Transcribe everything in the listing below exactly, except the pictures.

* Supplied information:
################

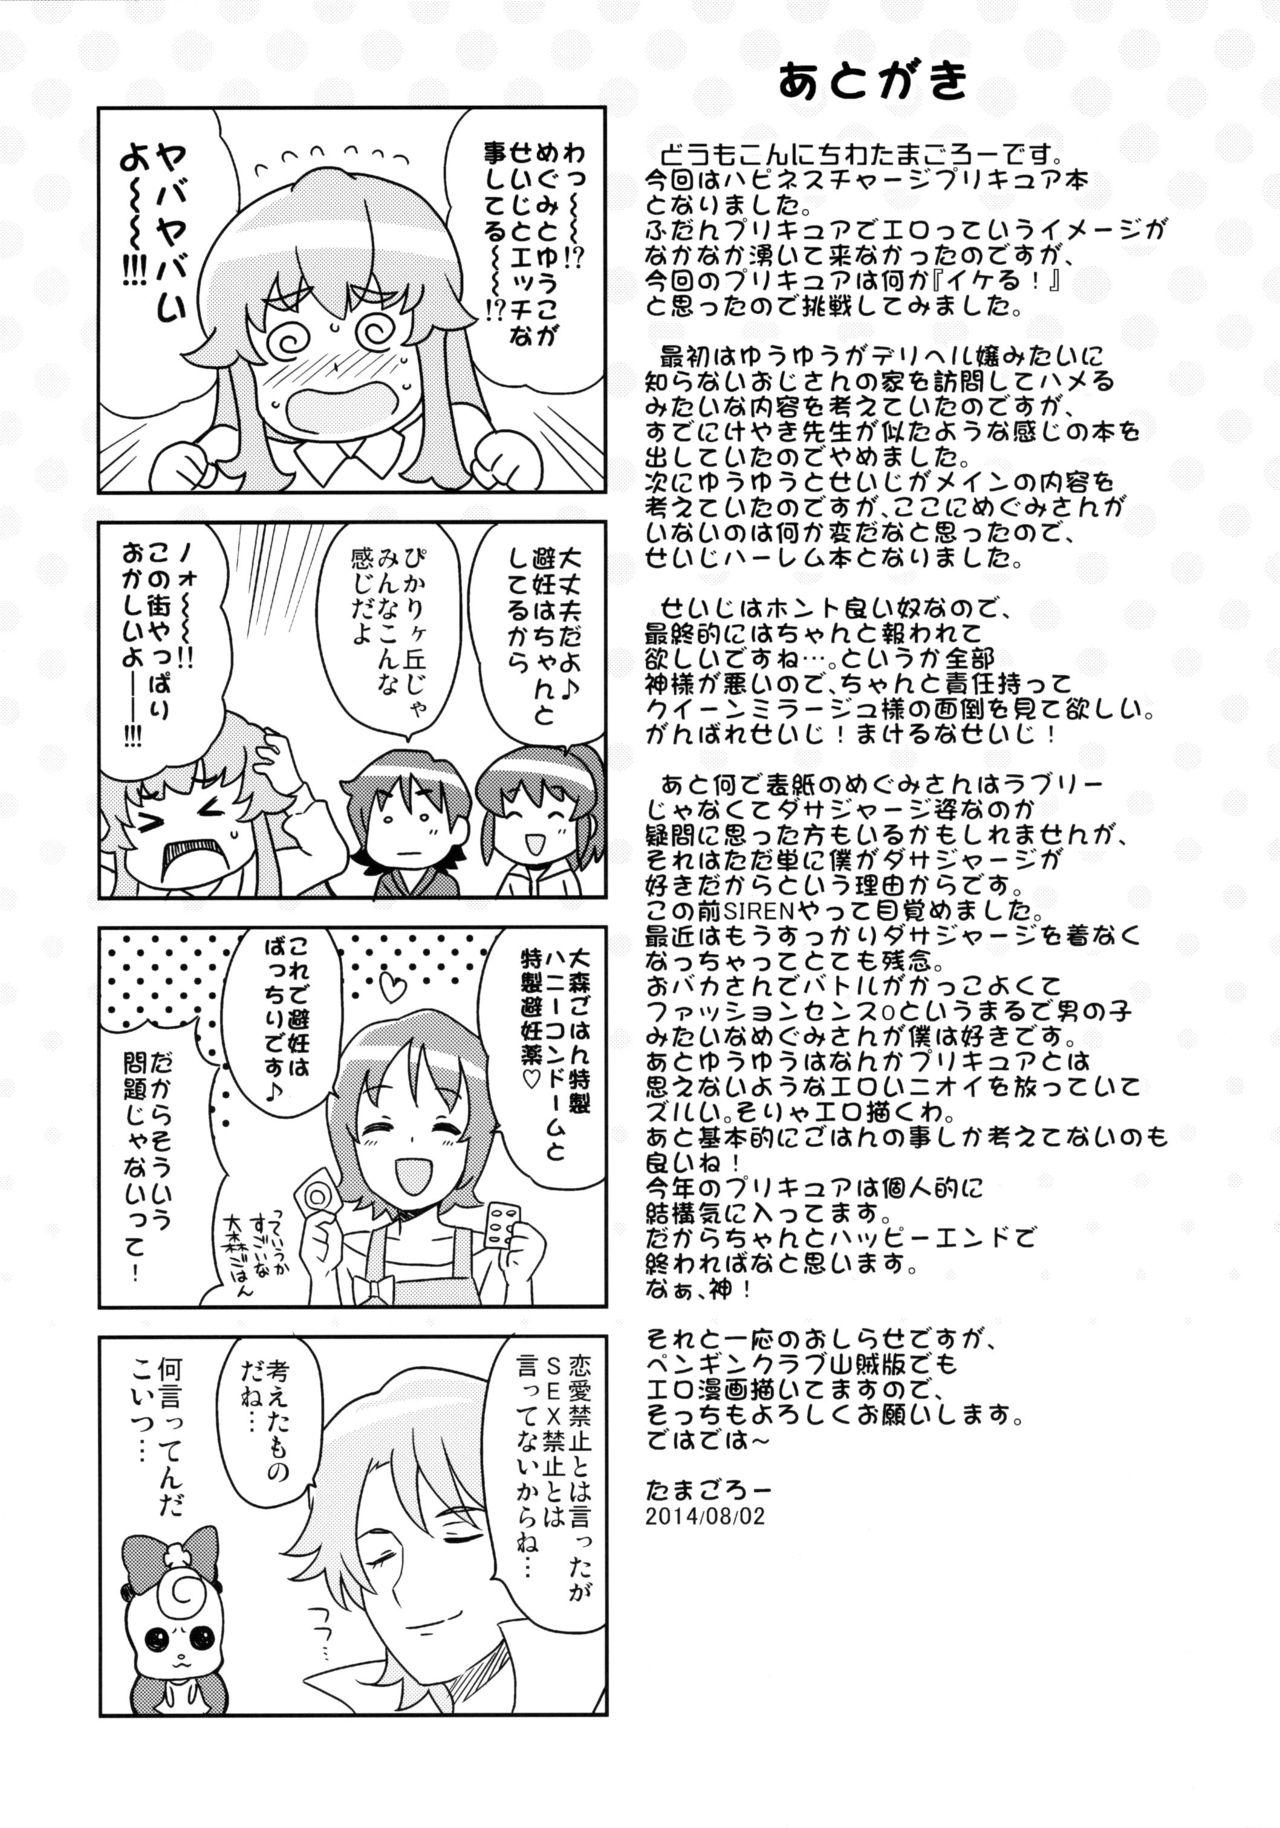 Kissing Chibikko Bitch Full charge - Happinesscharge precure Roundass - Page 24
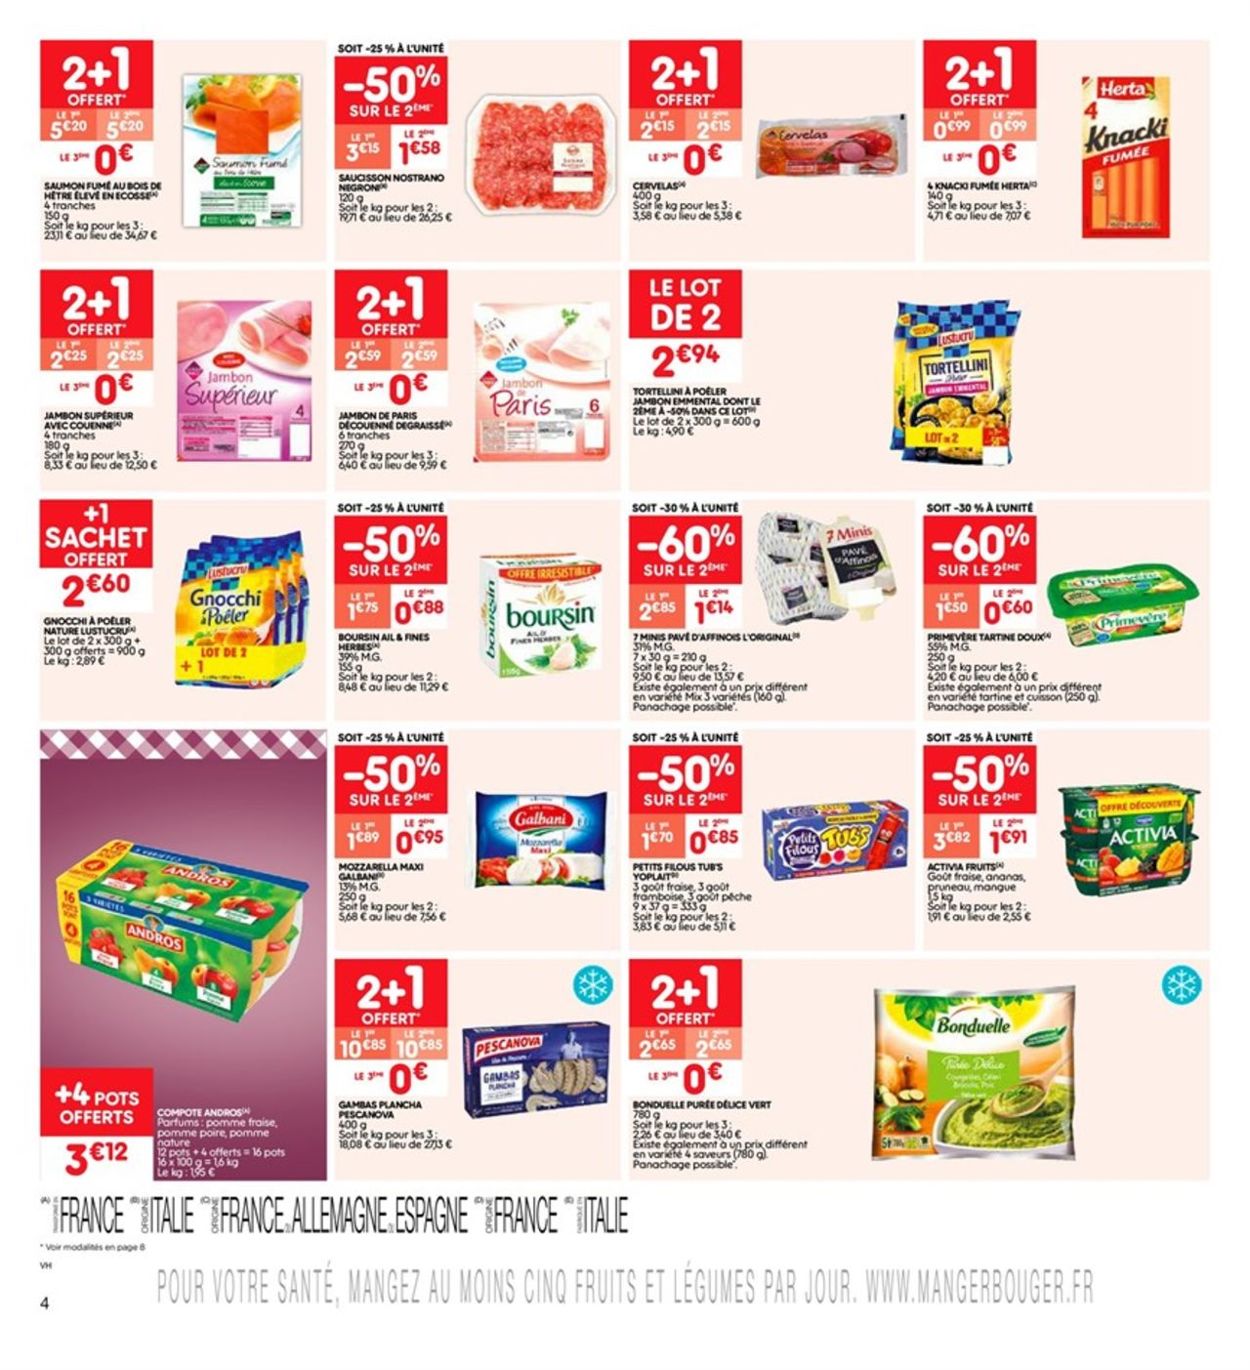 Leader Price Catalogue - 10.09-22.09.2019 (Page 4)
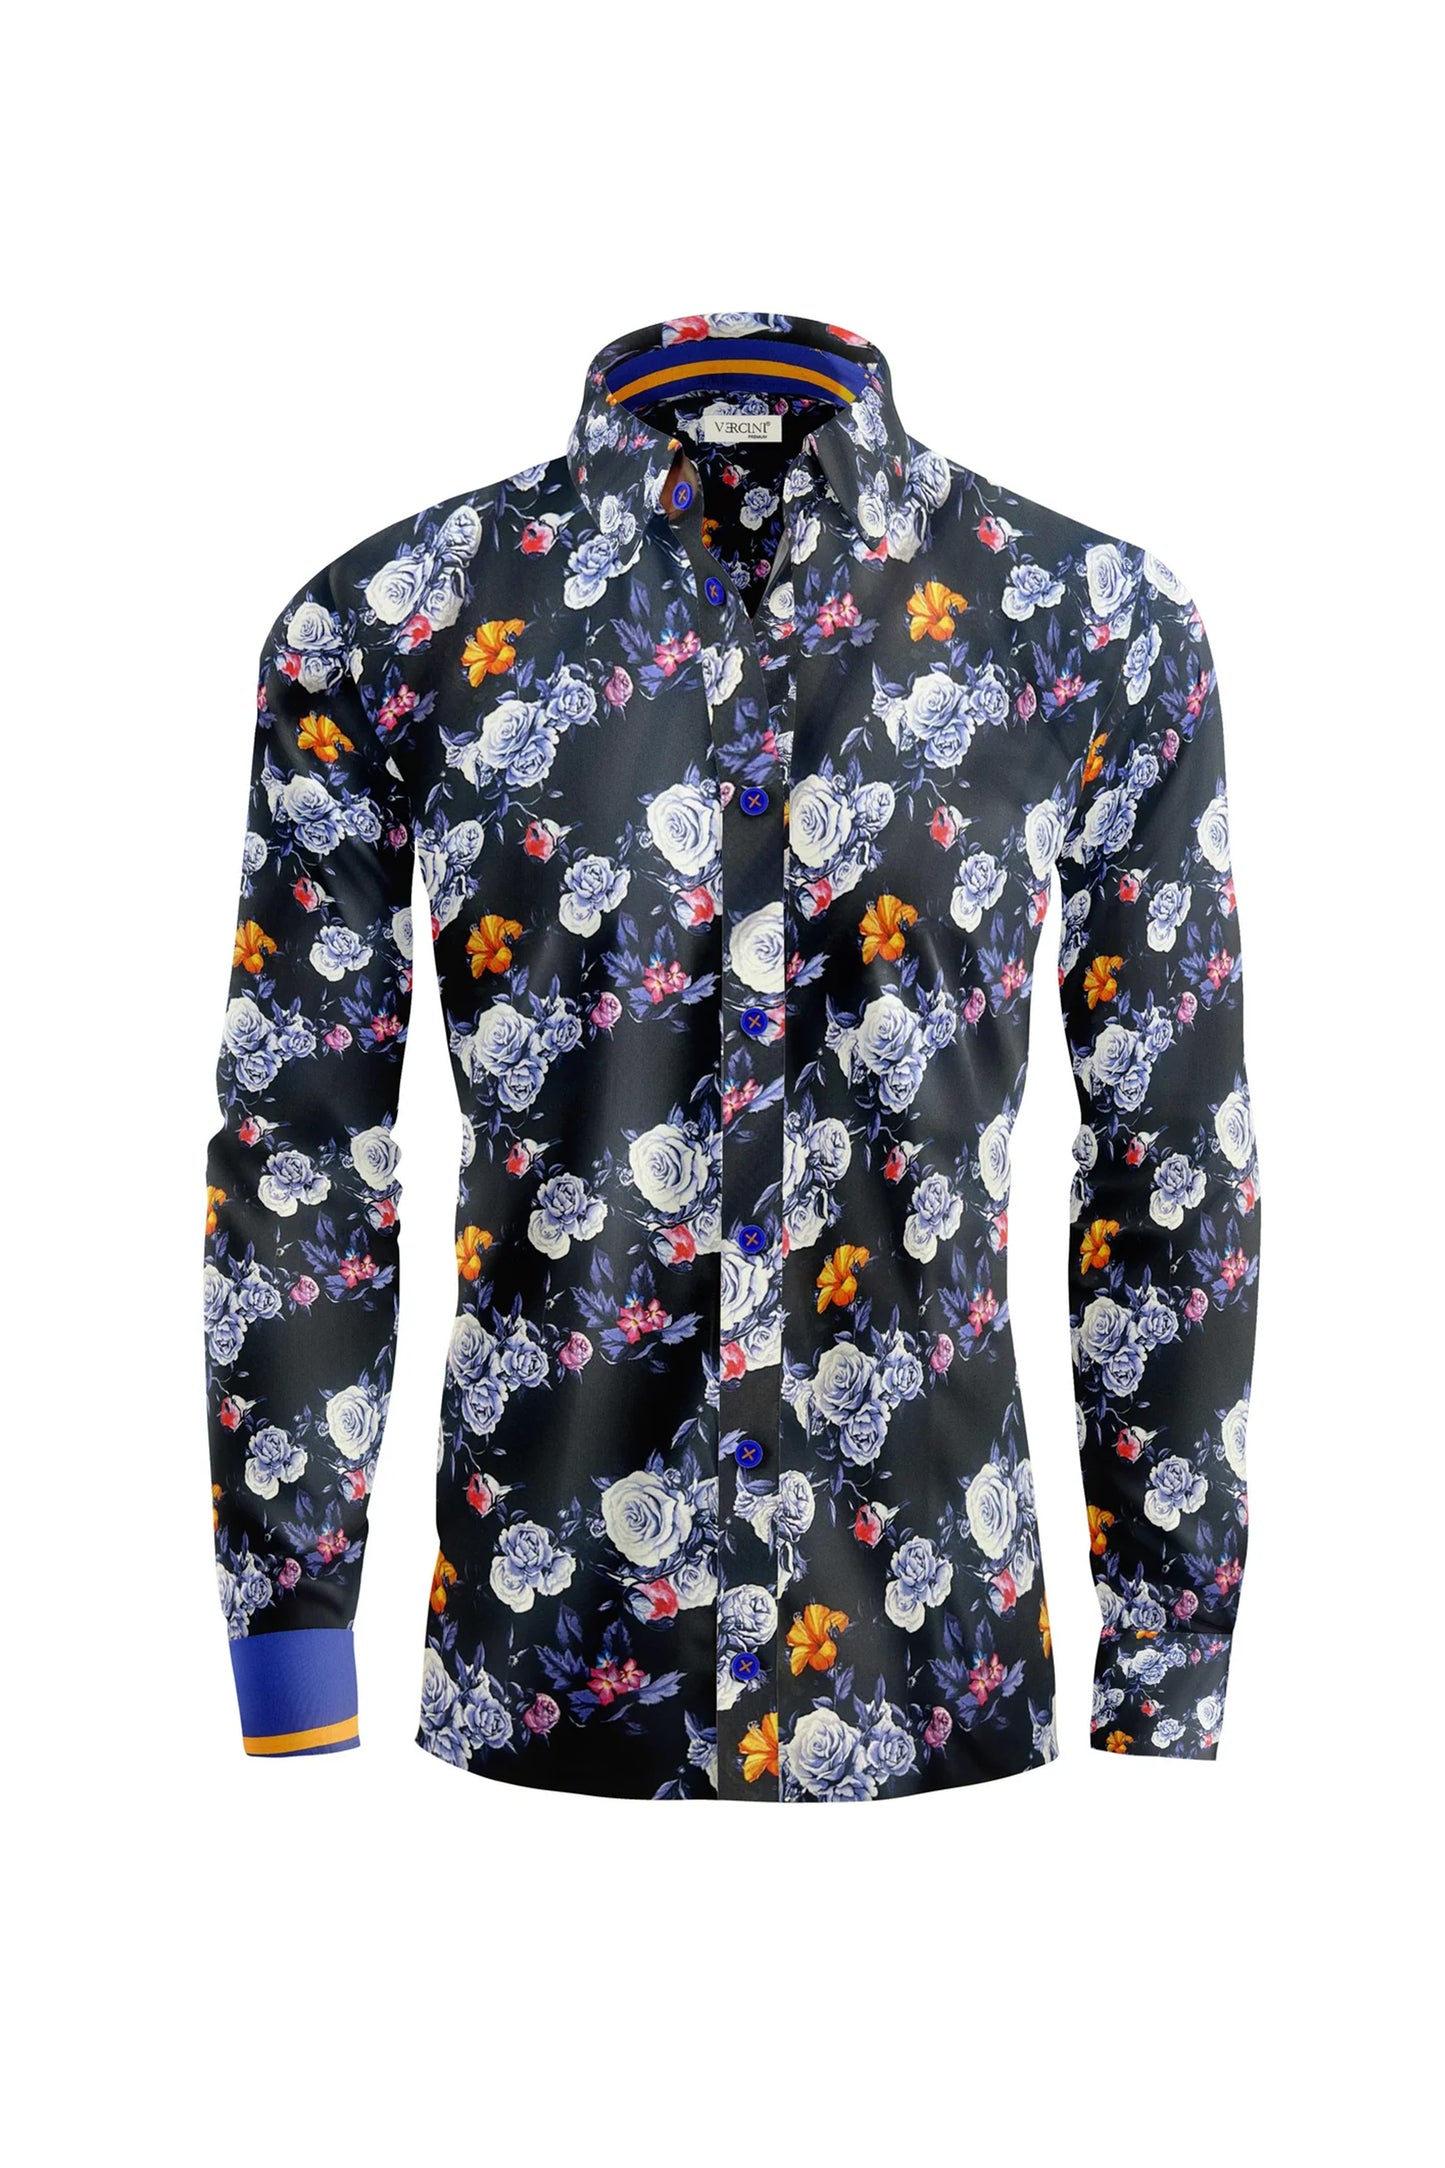 Midnight Blossom Fitted Dress Shirt CASUAL SHIRT On Sale 30% Off Vercini

################

* Finished exercise:
 Kissing Chibikko Bitch Full charge - Happinesscharge precure Roundass - Page 24
 Leader Price Catalogue - 10.09-22.09.2019 (Page 4)
 Midnight Blossom Fitted Dress Shirt CASUAL SHIRT On Sale 30% Off Vercini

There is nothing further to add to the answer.